From a financial viewpoint, the markets exist to transfer capital from those that have it to those that need it.

No, that's what communism was supposed to do. Under capitalism, we use the market to allocate capital efficiently, to its most productive use. Perverse incentives, like excessive bonuses or government bailouts without penalties, interfere with the efficient allocation of capital.

2 comments

Your twist on the poor being the group that "needs" the money is a clever little play on words, but you, and everyone else here, knows exactly what I meant. Companies need money. Investors have money.

As for some god-given right to bank accounts, I never said any such thing. It's not my fault, nor Wall Street's fault, that people aren't better prepared to understand finance. It's a dog eat dog world. If you want to keep hold of your money, learn how to invest for yourself, place it with a broker and accept that even they may lose money, or hide it in your bed. Those are your options.
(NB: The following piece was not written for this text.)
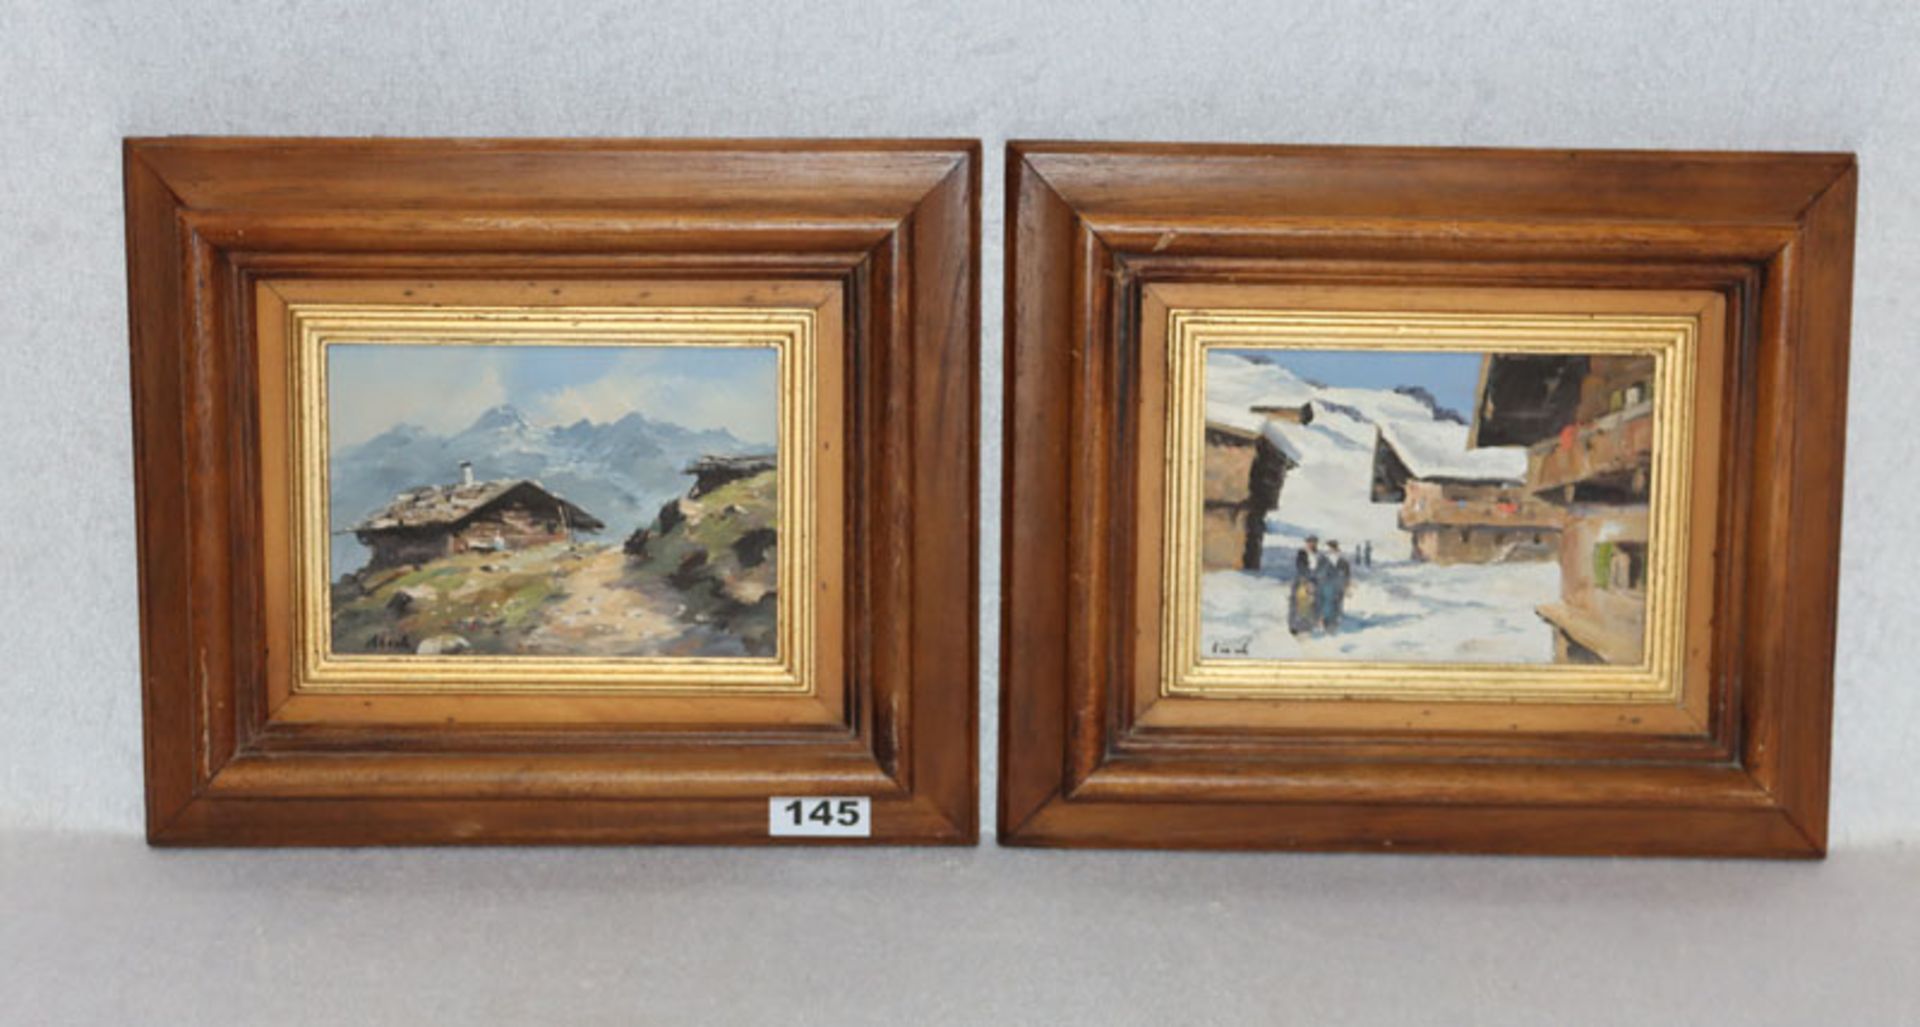 2 Gemälde ÖL/Malkarton 'Stadl im Hochgebirge' und 'Dorf-Szenerie im Winter', Kopie nach Walde, beide

Under capitalism, we use the market to allocate capital efficiently, to its most productive use.

You are not distilling finance enough. Your definition is a first-year economics definition. That's a definition from an idealized world. In the real world, companies exchange shares for cash. They invest that cash into the business to create value. Other instruments have their own purposes, but it's all about taking either money or risk and transferring it from one party to another based on needs.
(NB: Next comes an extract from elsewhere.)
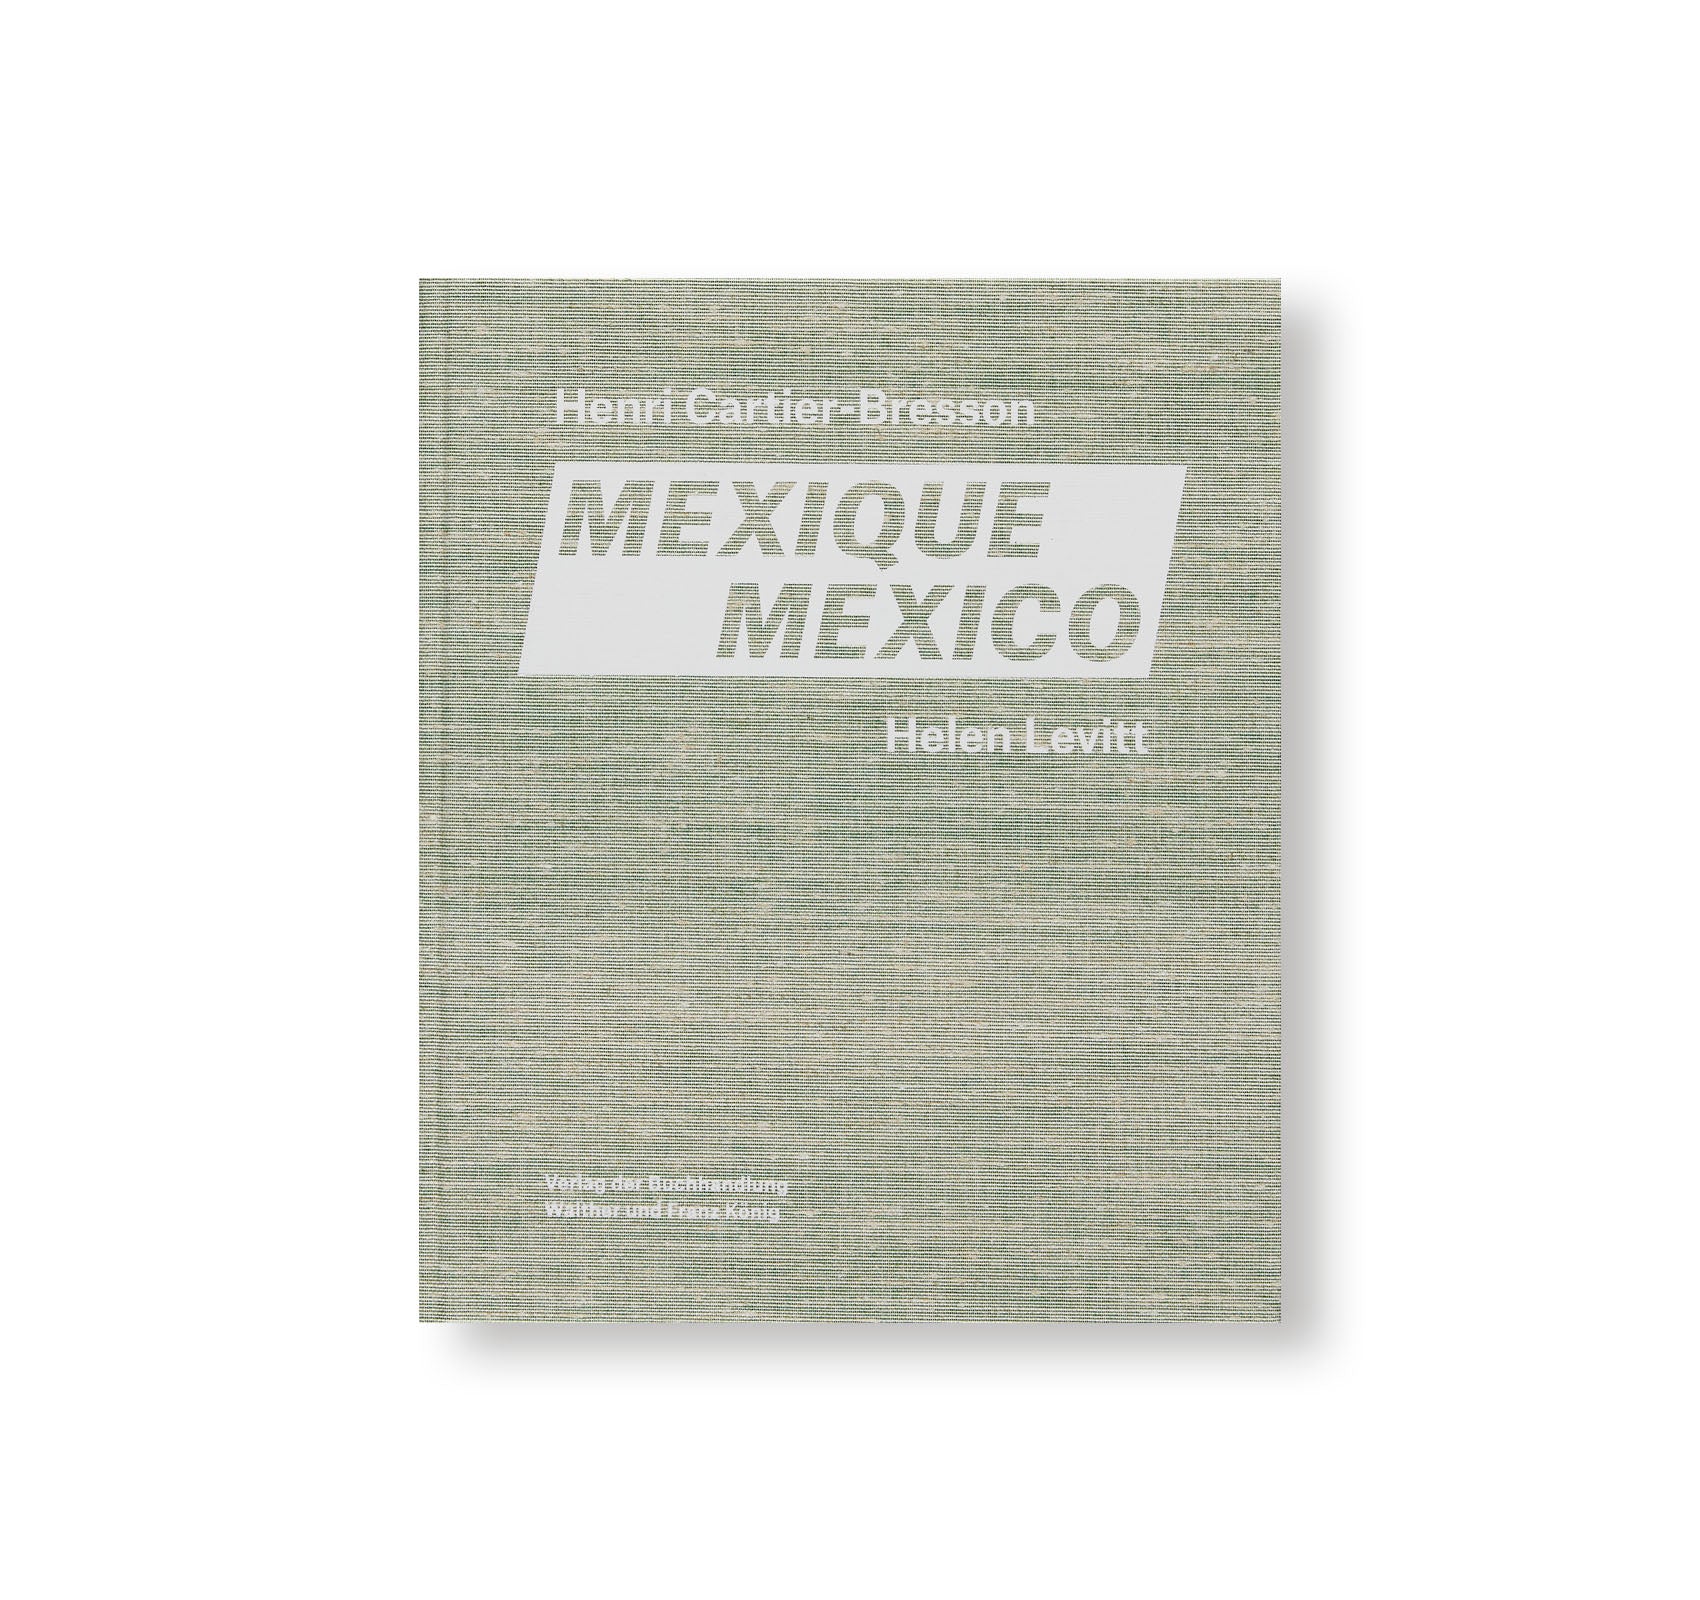 MEXICO by Henri Cartier-Bresson, Helen Levitt

You're right in some of your criticisms -- I had already edited it to remove some of that language.

But do we have no middle ground here?

We agree, for instance, that most people really AREN'T equipped to understand finance as it is practiced. The difference is that you believe there is a class of people whose advice can be relied upon. Taleb thinks not for epistemological reasons. The perverse incentives I mentioned are (for him) barely worth discussing, since they are just corruption rather than self-delusion.
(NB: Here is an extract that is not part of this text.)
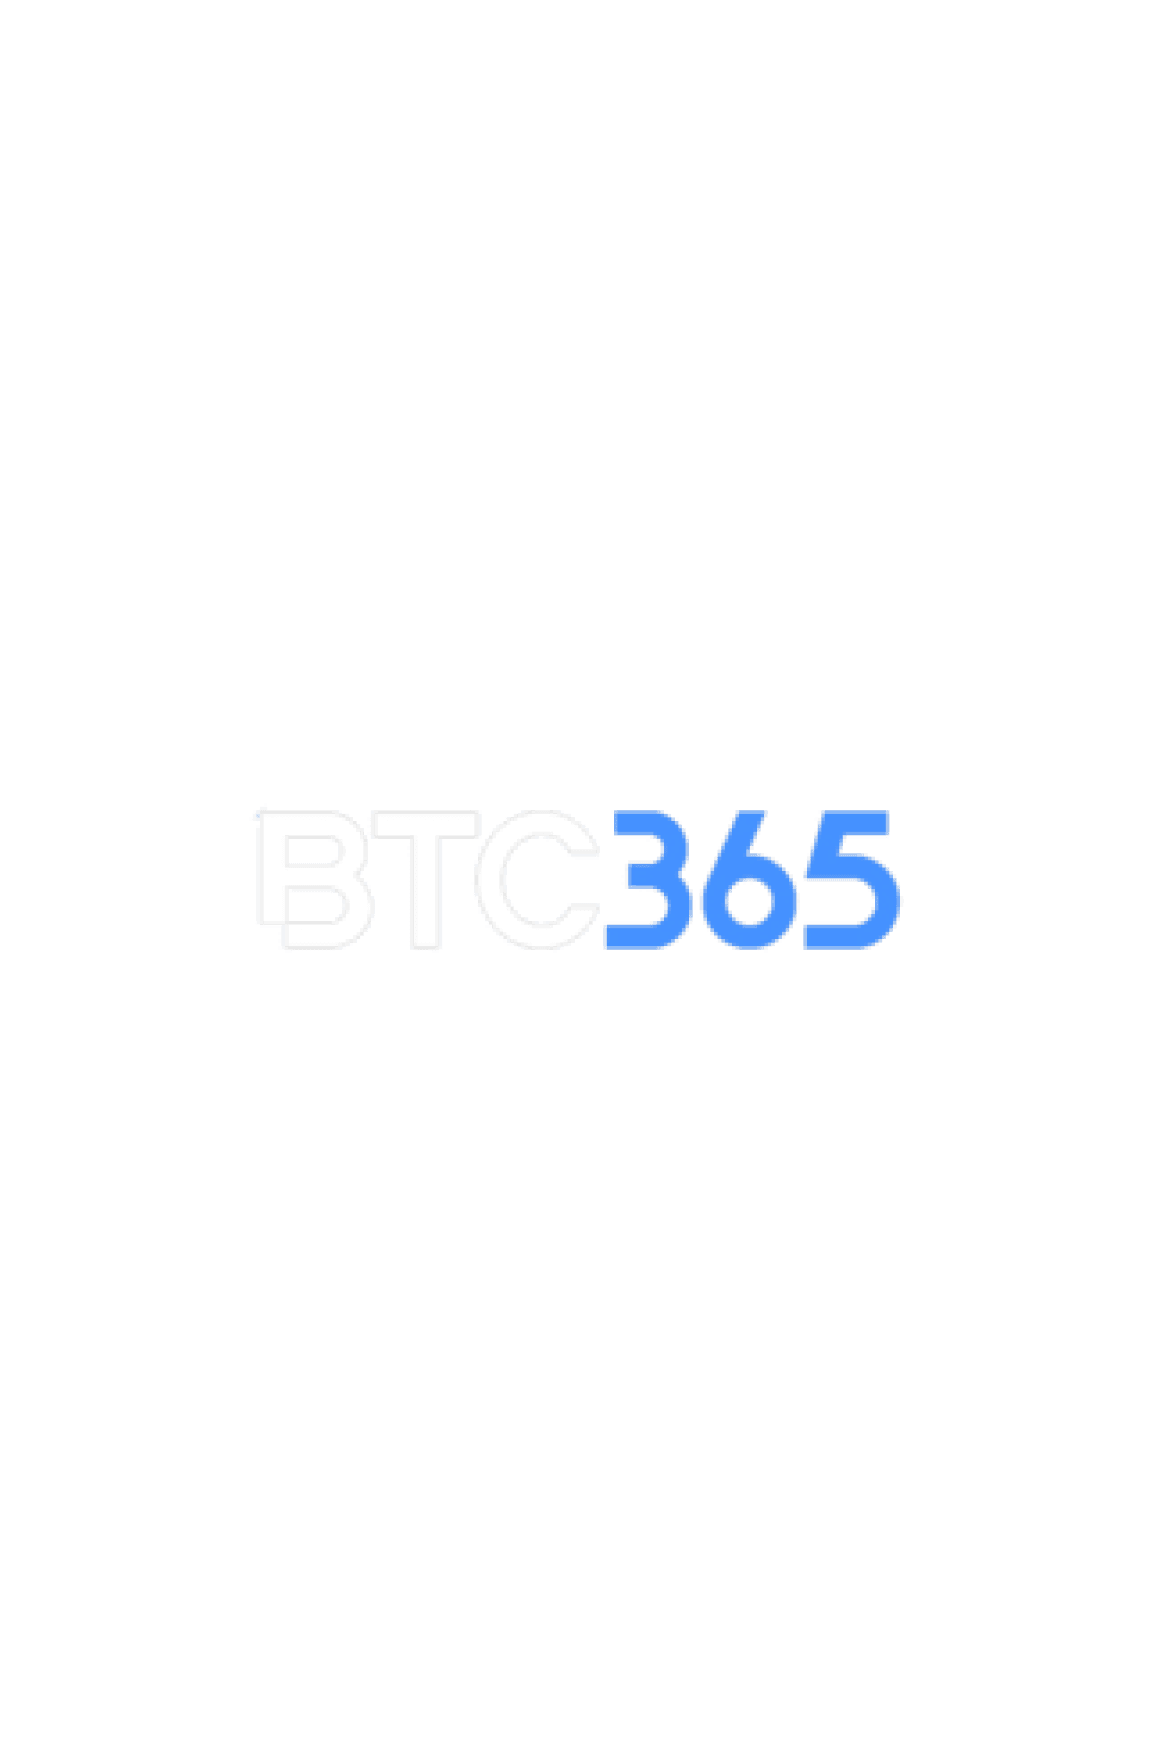 BTC365

(And when I say corruption, I don't mean they are necessarily evil people; I mean their agenda is now misaligned with the customers').

Anyway, I keep saying "Taleb says" because I am not well versed in these matters. I study it about as much as a layperson can, and all I know is that most of it still seems too complex to predict.

There is a class of people whose advice can be relied upon. It's up to you to find out who those people are. If your broker is not performing up to snuff, you have the right to fire him. It's just like I have the right to fire my auto mechanic, who knows more about cars than I do, if he's not doing a good job.

As for finance being complex, it's really not.

they pulled those tricks because widows and orphans money was regulated so it had to be in 'AAA' products, and the widows and orphans demanded higher returns because 'everybody' else was getting higher returns or they were going to invest they're money elsewhere.

look, by no means am i blaming 'widows and orphans' for this mess, it's just the reasons for it are very complex. even regulation that seems like a great idea, grading investment products, ended up playing some small part in the chaos.